Interns’ Perspectives on Their Experience
We asked Kuba Mieszczak, one of the interns in the Wayfinder AI creation team, about his project experience.
What are the biggest advantages and challenges of the current solution?
Wayfinder AI is undoubtedly a robust alternative to conventional search engines in shopping malls. This assistant can find specific stores and eventually will be able to locate products, and provide guidance on locating them.
The most significant challenge is that the language models offer users considerable freedom.

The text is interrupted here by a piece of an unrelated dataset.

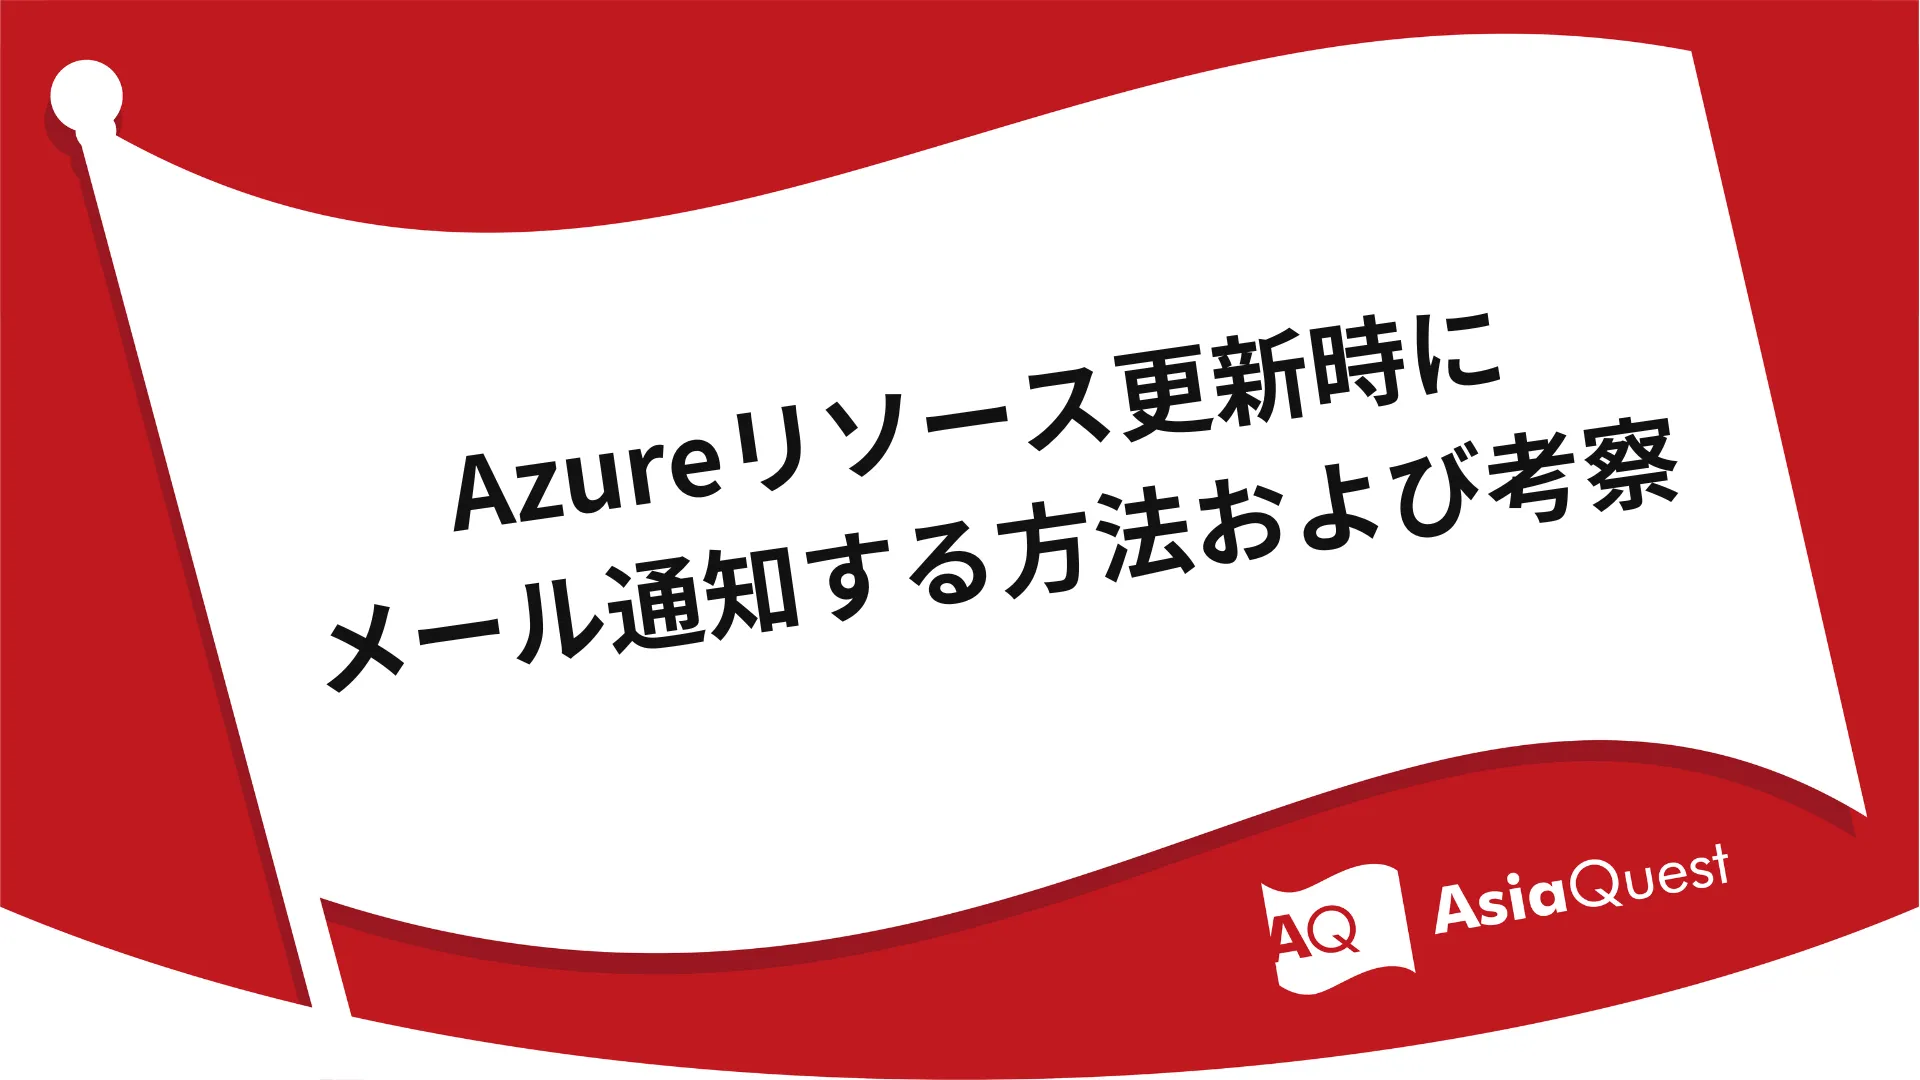 Azureリソース更新時にメール通知する方法および考察

If we could trust users to use the model as expected, the work would be much simpler. In reality, users ask one or two task-related questions and then proceed to “test” its limits, which can be problematic.
Examples of testing include asking complex questions or logical puzzles, entering random words or characters, or asking about sensitive topics. The model must be prepared for such situations.

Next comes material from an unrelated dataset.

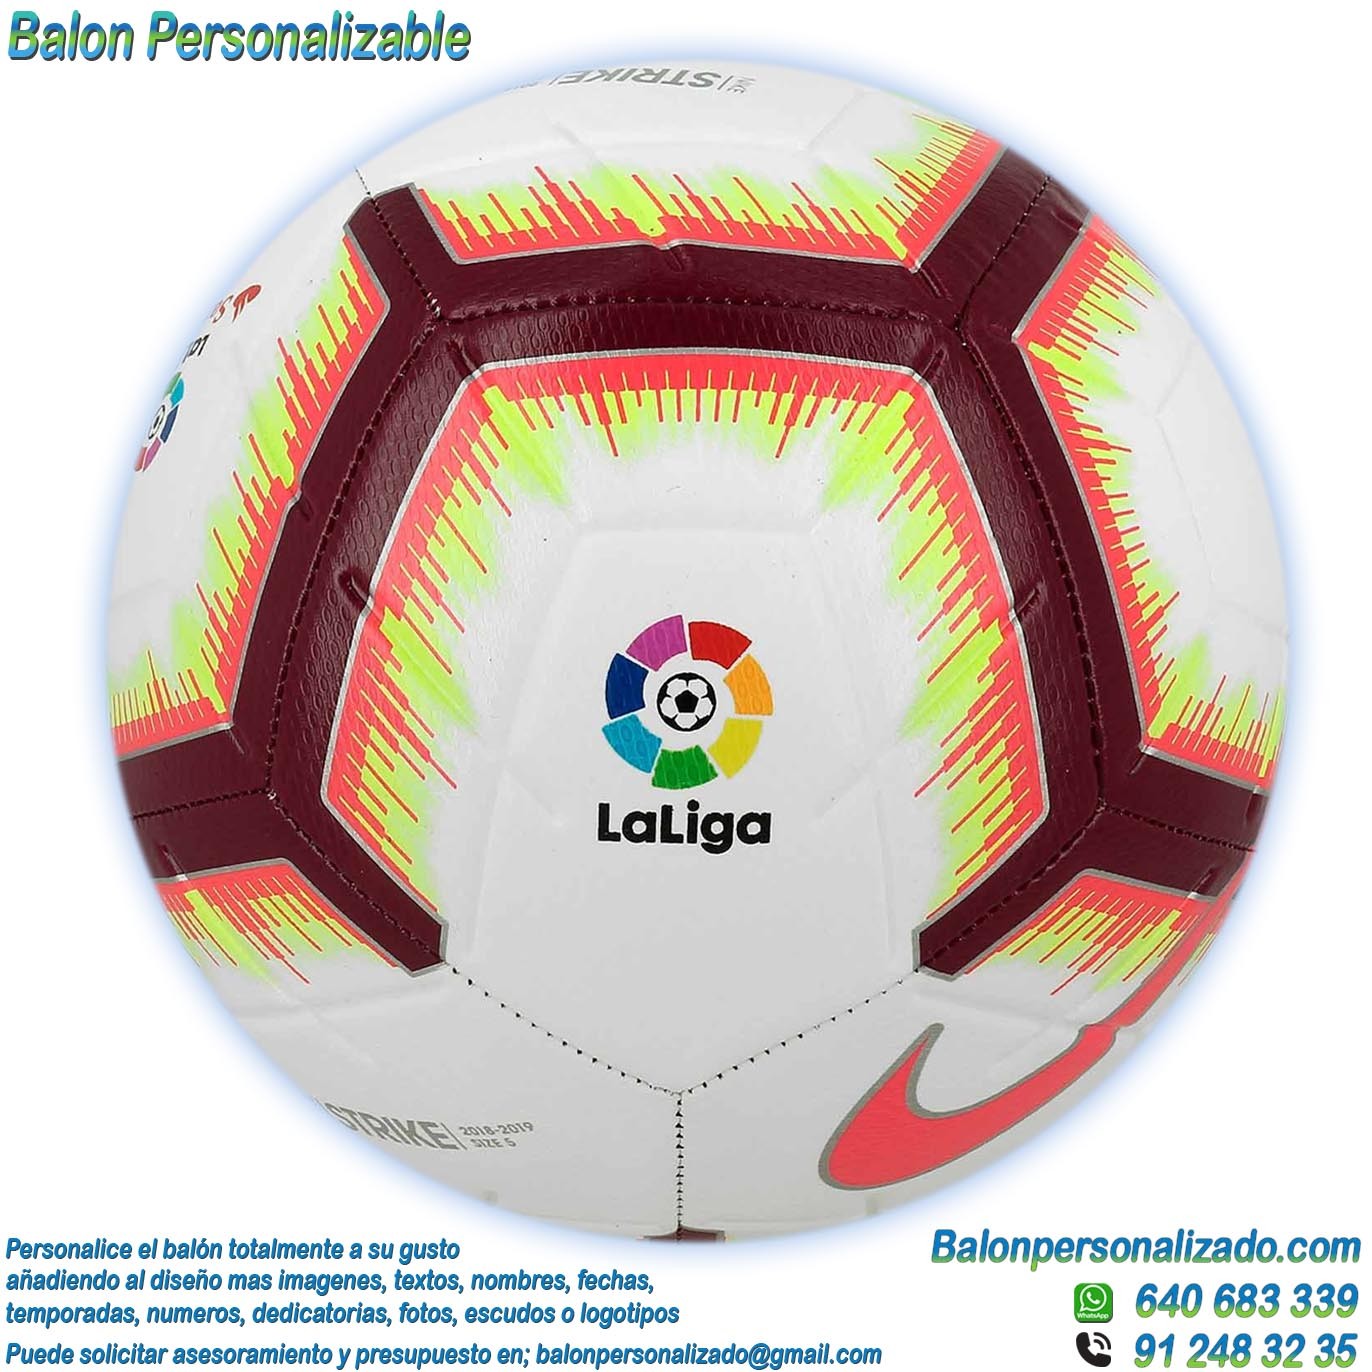 Balón Fútbol Personalizable imagen la liga 2018-2019

Despite these challenges, we’re delighted that the small-sized open-source model could handle our initial requirements, even with the large number of products in the dataset.
Did you encounter any other unusual problems?
While it’s hard to label it an “unusual” issue, the topic is still relatively new when it comes to LLM models used in commercial projects like this. Articles, blog posts, white papers appear almost weekly, and descriptions of techniques to prepare your own AI-based solution don’t solve all problems. Sometimes, checking how the model behaves in a given situation requires asking questions and using trial-and-error methods, leading to much time spent on fine-tuning and testing.
On the other hand, that’s precisely what internships are about. We learn a lot from this process, and the solution already yields initial results at this stage.
Speaking of the next stage, what are you currently working on?
The next stages involve searching for new solutions and improving current ones. Our progress might be limited by the model itself. Therefore, we’re ensuring it can perform basic functions while also testing more advanced models. So now, we’re focusing on testing, improvements, and expanding functionality.
What have you learned, and what was the most interesting aspect?
As an intern, a student, and someone who knew little about LLM models before starting the project, practical work with the model provides a wealth of knowledge. We worked with text2text models (flan-t5) and text generation models (LLAMA 2), and I believe we as a team understand them quite well now. Additionally, we used models for translation and speech processing, worked with LangChain, created a synthetic dataset, and managed and processed it using Python libraries. The whole project offers practical knowledge and is incredibly fascinating.